##### RECORDS FOR PROCESSING

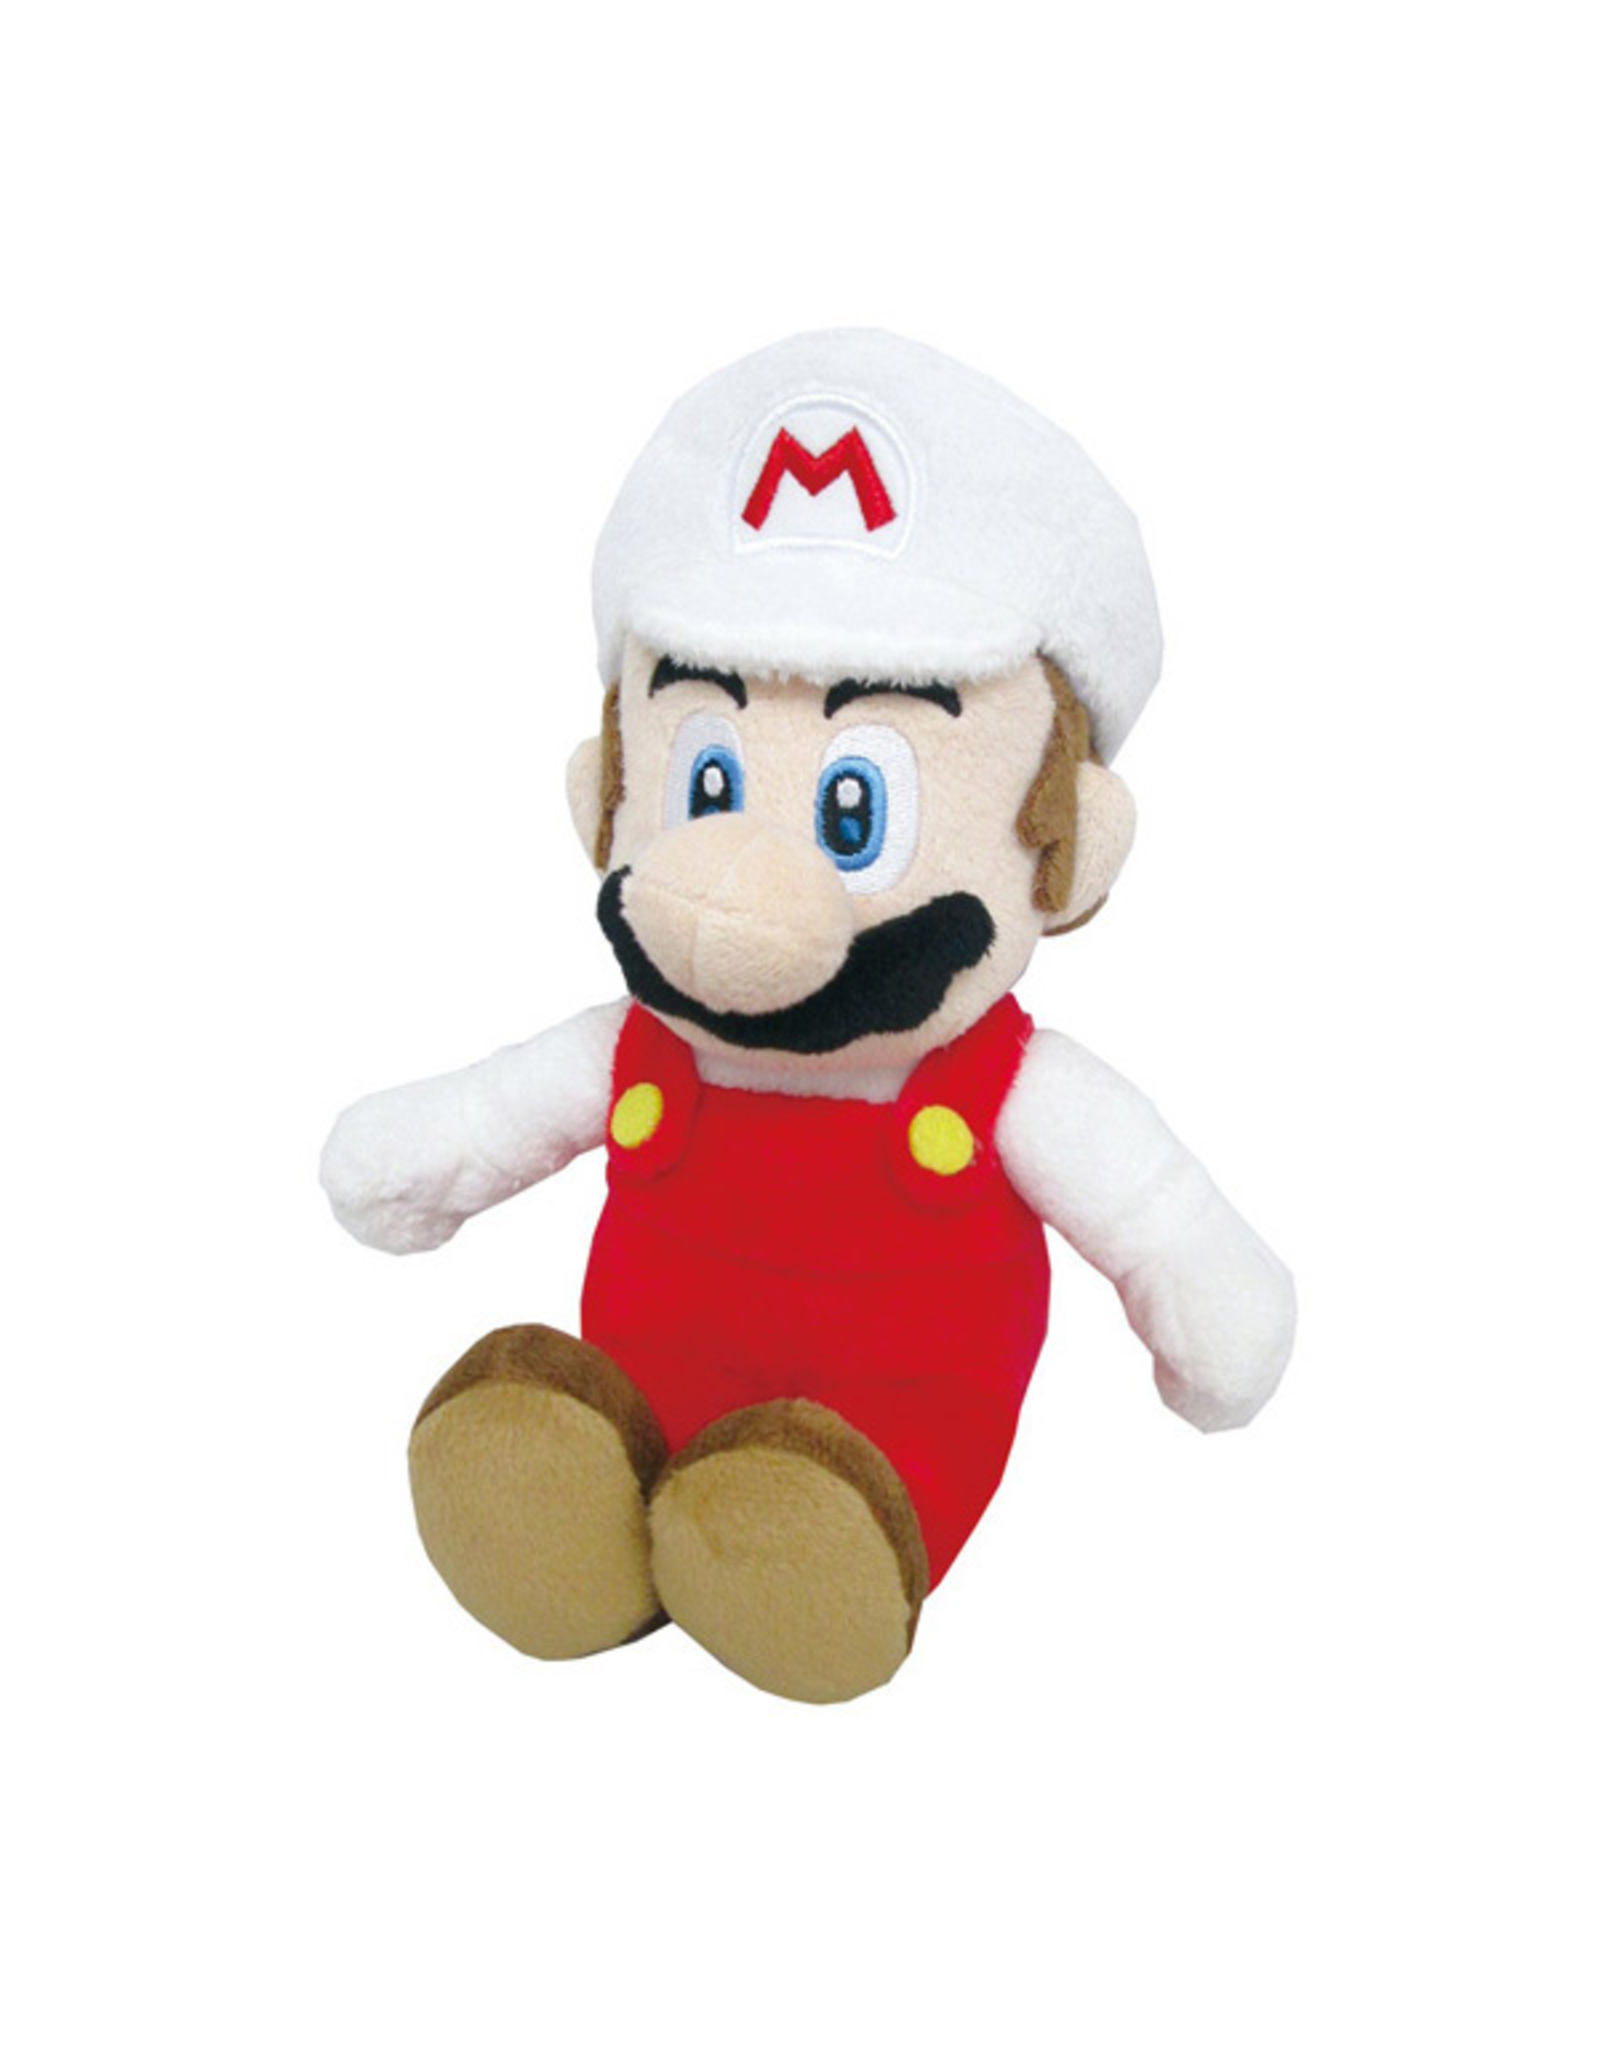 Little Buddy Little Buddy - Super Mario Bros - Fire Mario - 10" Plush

##########
##### RECORDS FOR PROCESSING

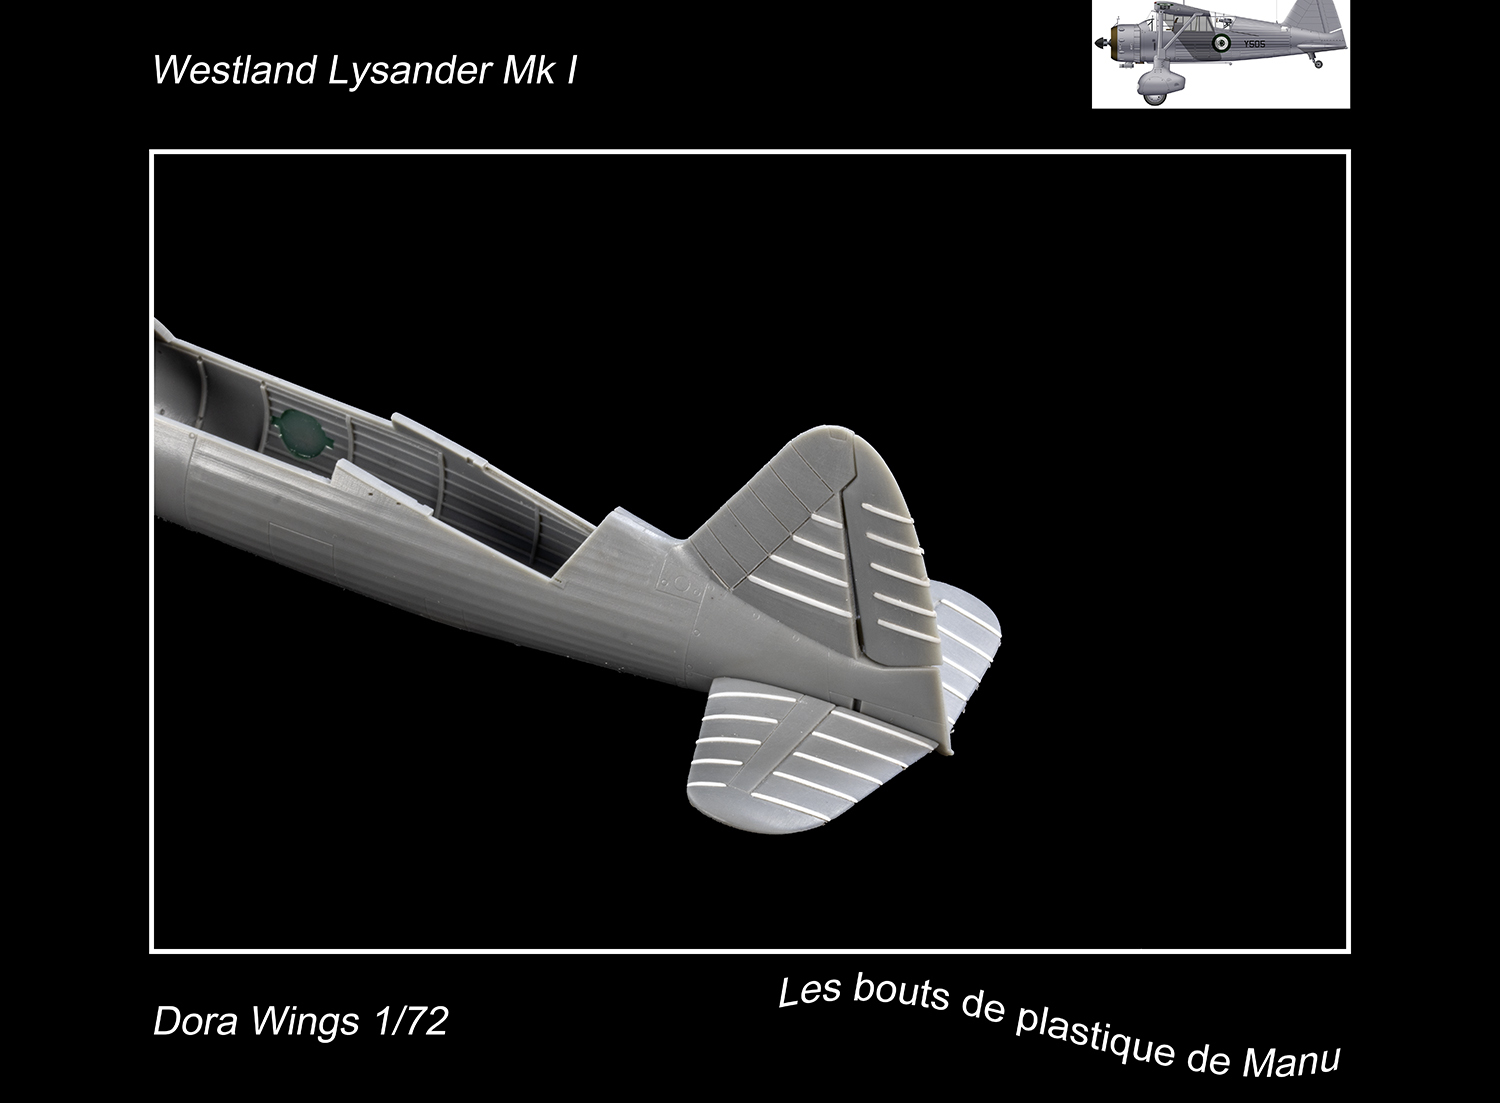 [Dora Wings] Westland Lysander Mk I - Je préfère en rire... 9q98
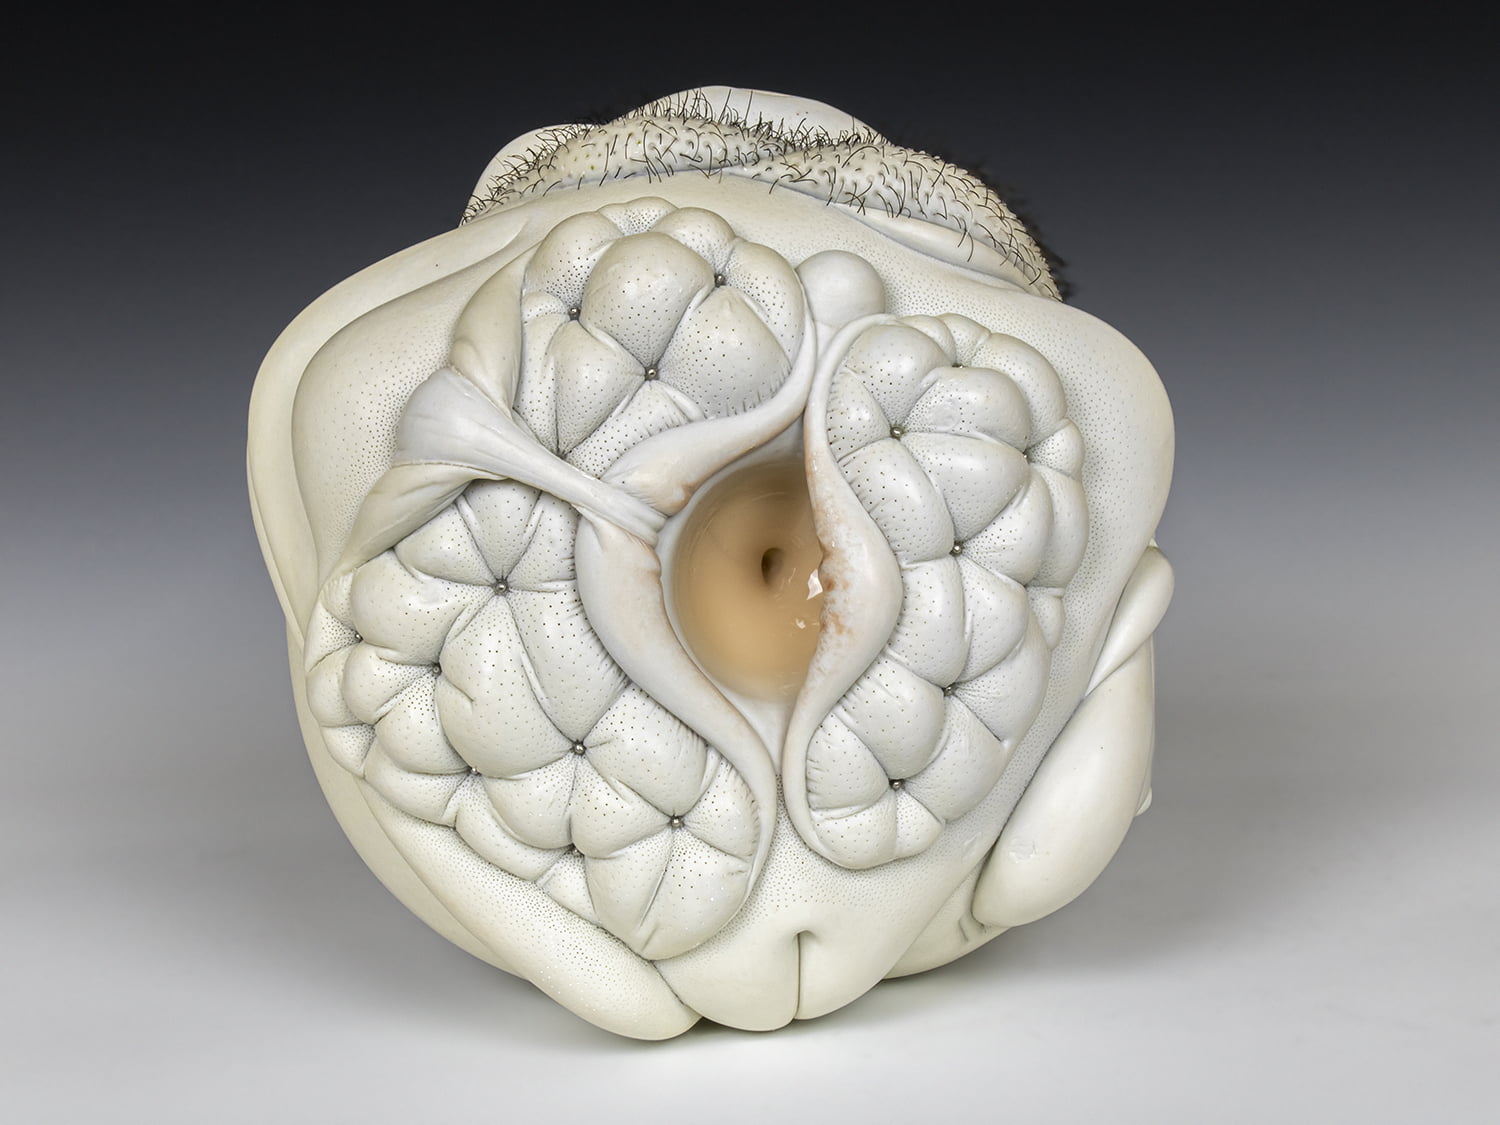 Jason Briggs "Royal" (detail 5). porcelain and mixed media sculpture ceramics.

##########
##### RECORDS FOR PROCESSING

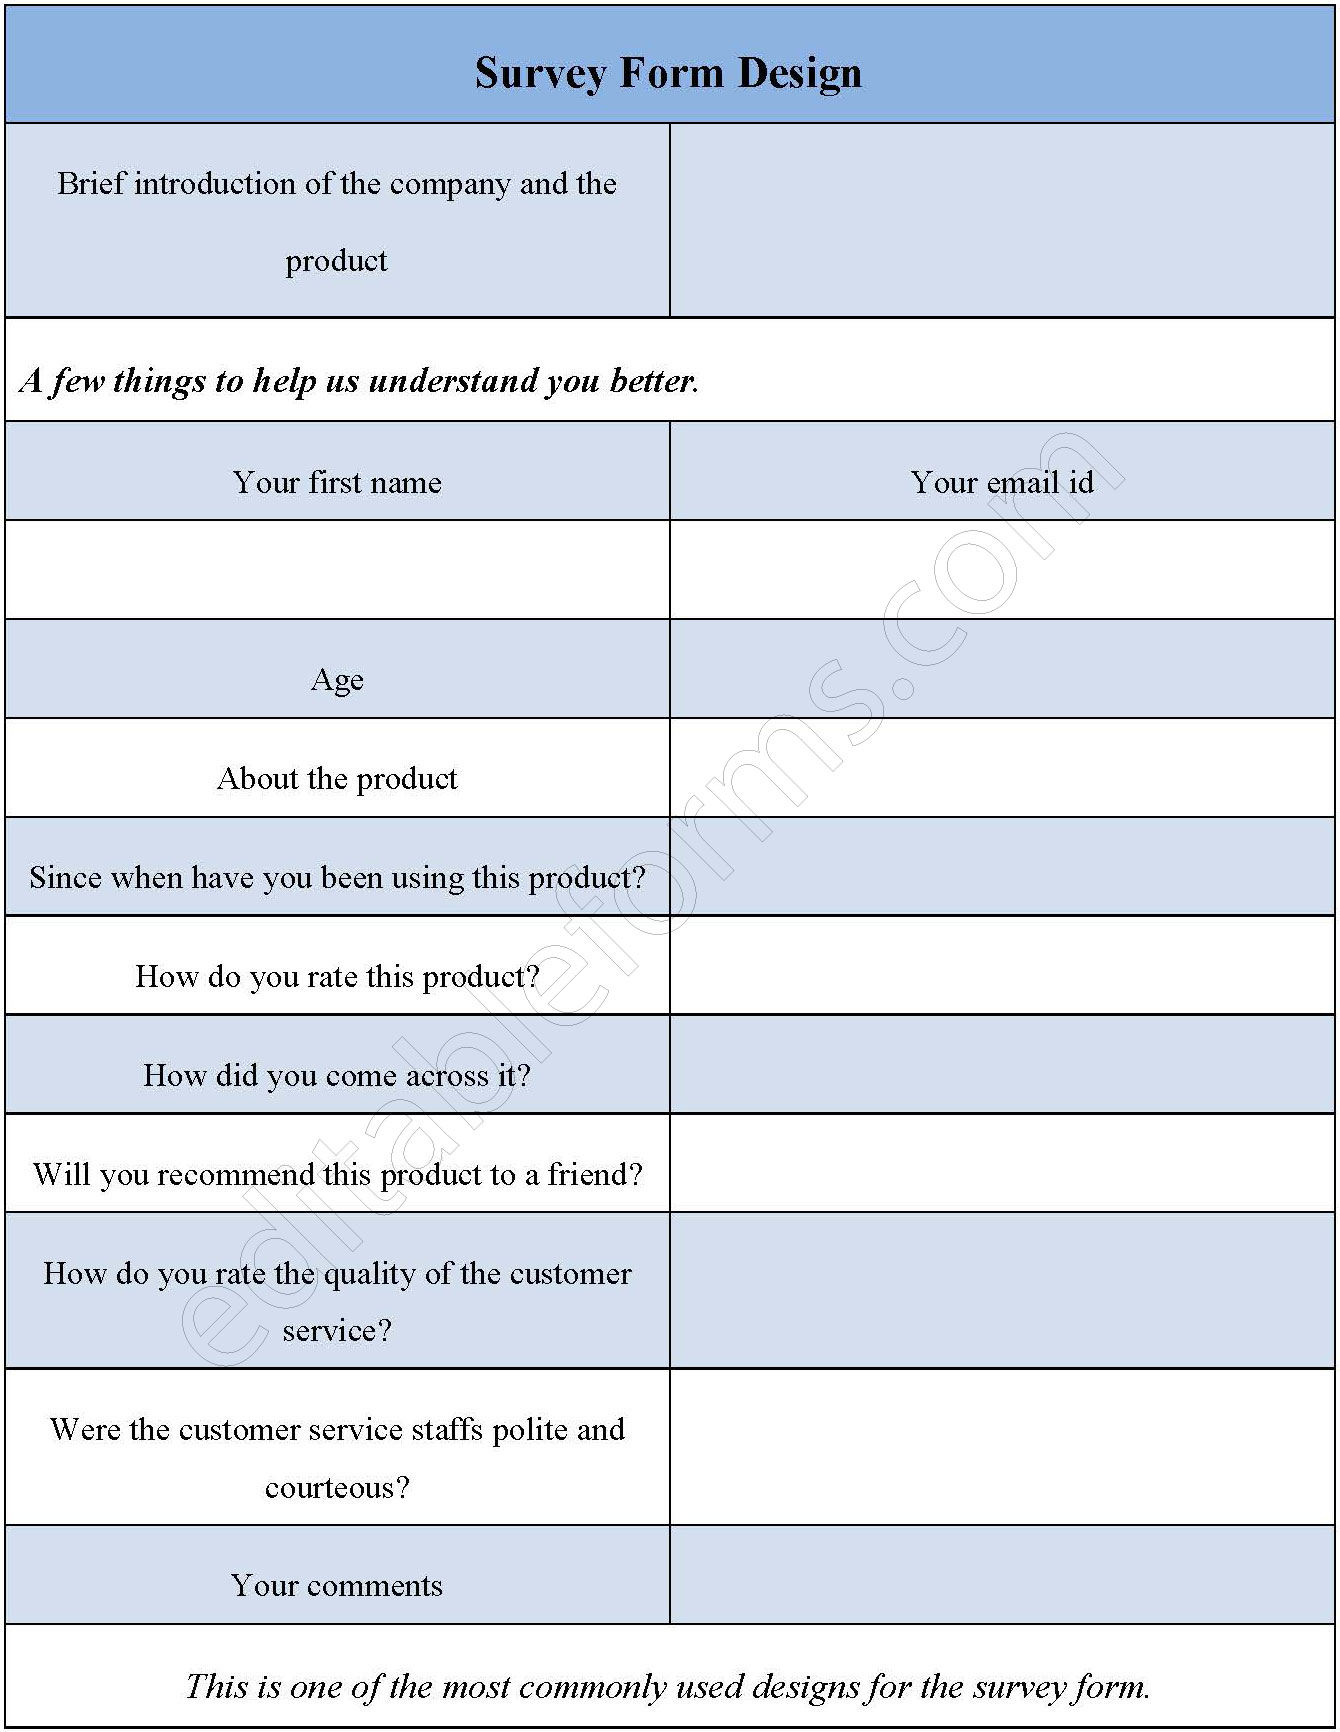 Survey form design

##########

» **TASK STATEMENT**
Go back to the listing above and reproduce, exactly, the stretch from the line bearing "[Dora Wings] Westland" through the line bearing "media sculpture ceramics.", without its pictures.

» **ANSWER TO THIS TASK**
 [Dora Wings] Westland Lysander Mk I - Je préfère en rire... 9q98
 Jason Briggs "Royal" (detail 5). porcelain and mixed media sculpture ceramics.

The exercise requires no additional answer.